Non-negative algorithm, it solves KKT (Karush-Kuhn-Tucker) conditions for the non-negative least squares problem
Matrix decomposition, following Li et al. (2020) and Ghiorso 1983. The compositional matrix will be broken down by singular value decomposition, the coefficients will then calculated.

[1]:

# import python modules
import pandas as pd
import matplotlib.pyplot as plt
from massbalance.mb_tools import MassBalance

1. Define elements for calculation

We first need to define element list for mass balance calculation, special attention goes to FeO term, which we use FeO, not FeOt nor FeOtot, this is consistent with the input excel files. Feel free to change the order of the elements

[2]:

cmpnts = ['SiO2','Al2O3', 'TiO2', 'MgO', 'FeO', 'MnO',  'CaO', 'Na2O', 'K2O', 'P2O5', 'Cr2O3']  # change your desired elements for mass balance calculation

if you also want to integrate standard deviation on elements, this can be done manually or by the following line

[3]:

cmpnts_std =[x + '_std' for x in cmpnts]  # save columns for std
cmpnts_std

[3]:

['SiO2_std',
 'Al2O3_std',
 'TiO2_std',
 'MgO_std',
 'FeO_std',
 'MnO_std',
 'CaO_std',
 'Na2O_std',
 'K2O_std',
 'P2O5_std',
 'Cr2O3_std']

2. Load data

The easist way is to copy paste data in the input excel file, please also check README file for details of data prepration

[4]:

nat_comp = pd.ExcelFile("input_comp.xlsx")
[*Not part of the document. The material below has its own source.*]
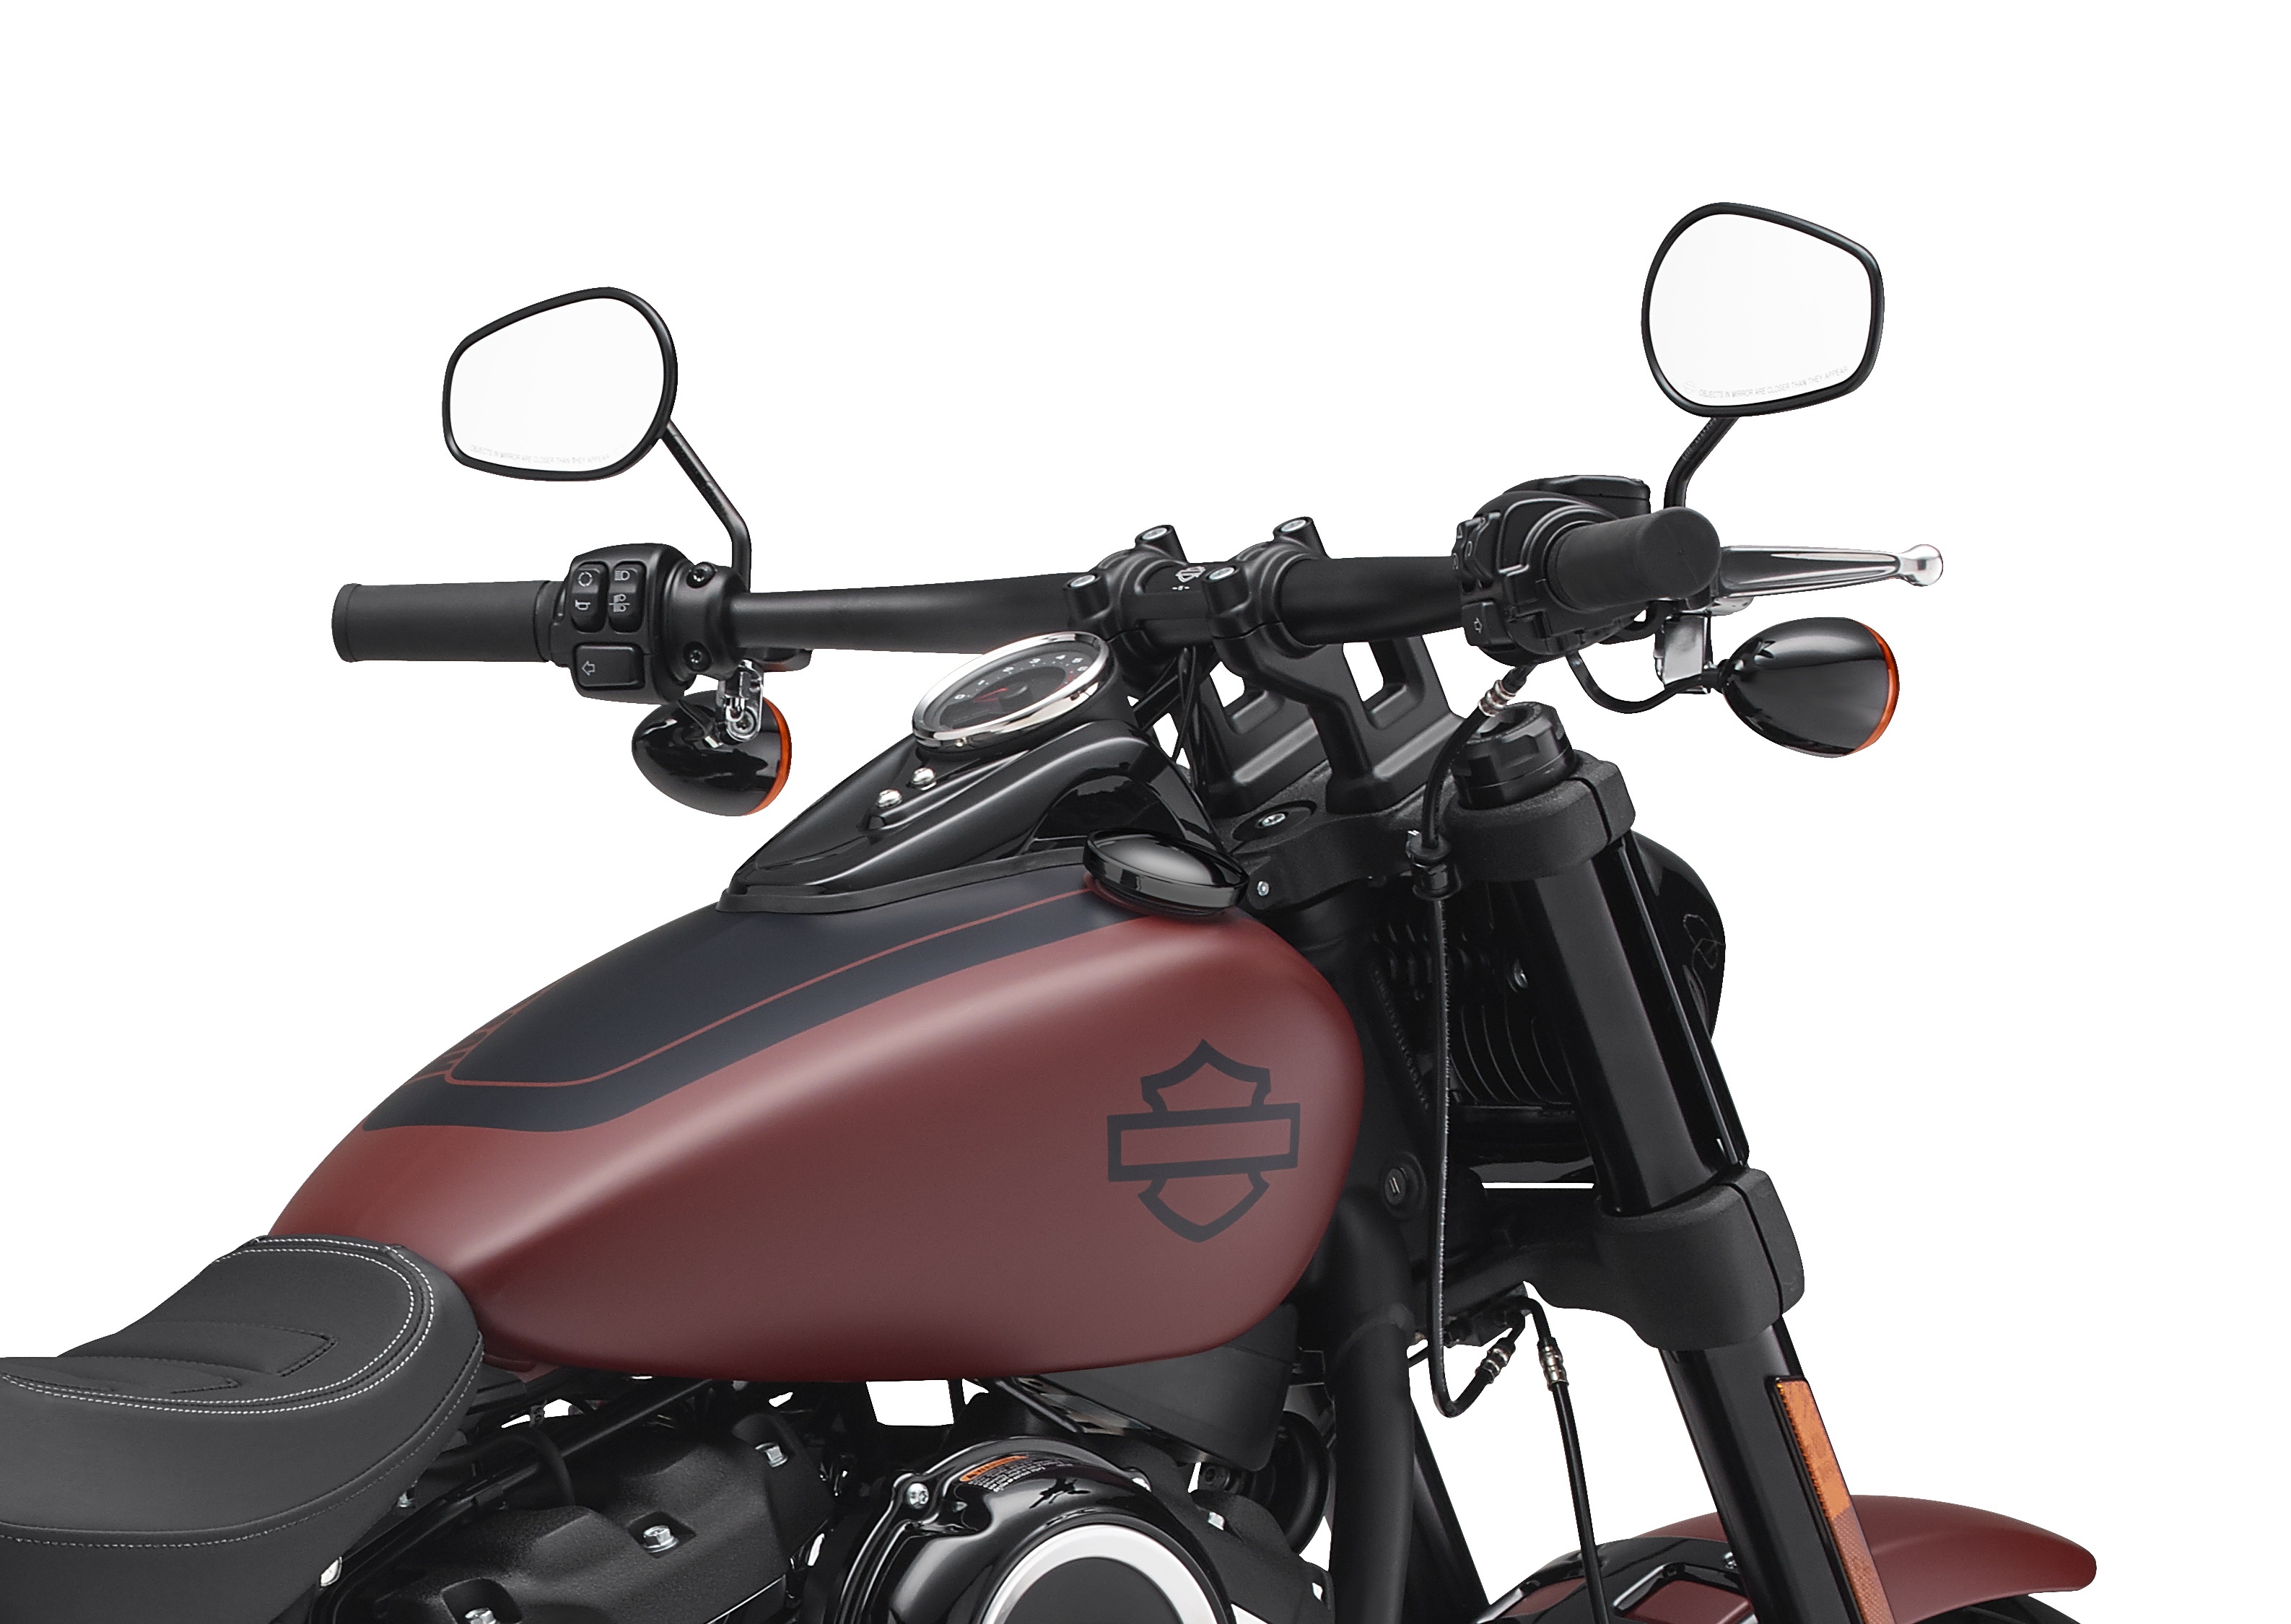 Ersatzteile für Harley Davidson Motorräder , Dynojet Tuning Center

We load the whole excel spreadsheet to a pandas ExcelFile, to access data in your spreadsheet, you can do so by looping through ExcelFile to a dictionary:

[5]:

nat_dict = {}  # create dictionary to collect compositions of different phases
nat_phases = []  # create list to save all phases in the calculation. Note bulk will be the bulk compsition, run_index will be your sample number, or rock id . etc
for sheet_name in nat_comp.sheet_names:
    nat_phases.append(sheet_name)
    nat_dict[sheet_name] = nat_comp.parse(sheet_name)

nat_phases stores the sheet names, nat_dict stores the data of each sheet.

[6]:

nat_phases

[6]:

['gl', 'ol', 'sp', 'py', 'pureFe', 'pureNa', 'bulk', 'run_index']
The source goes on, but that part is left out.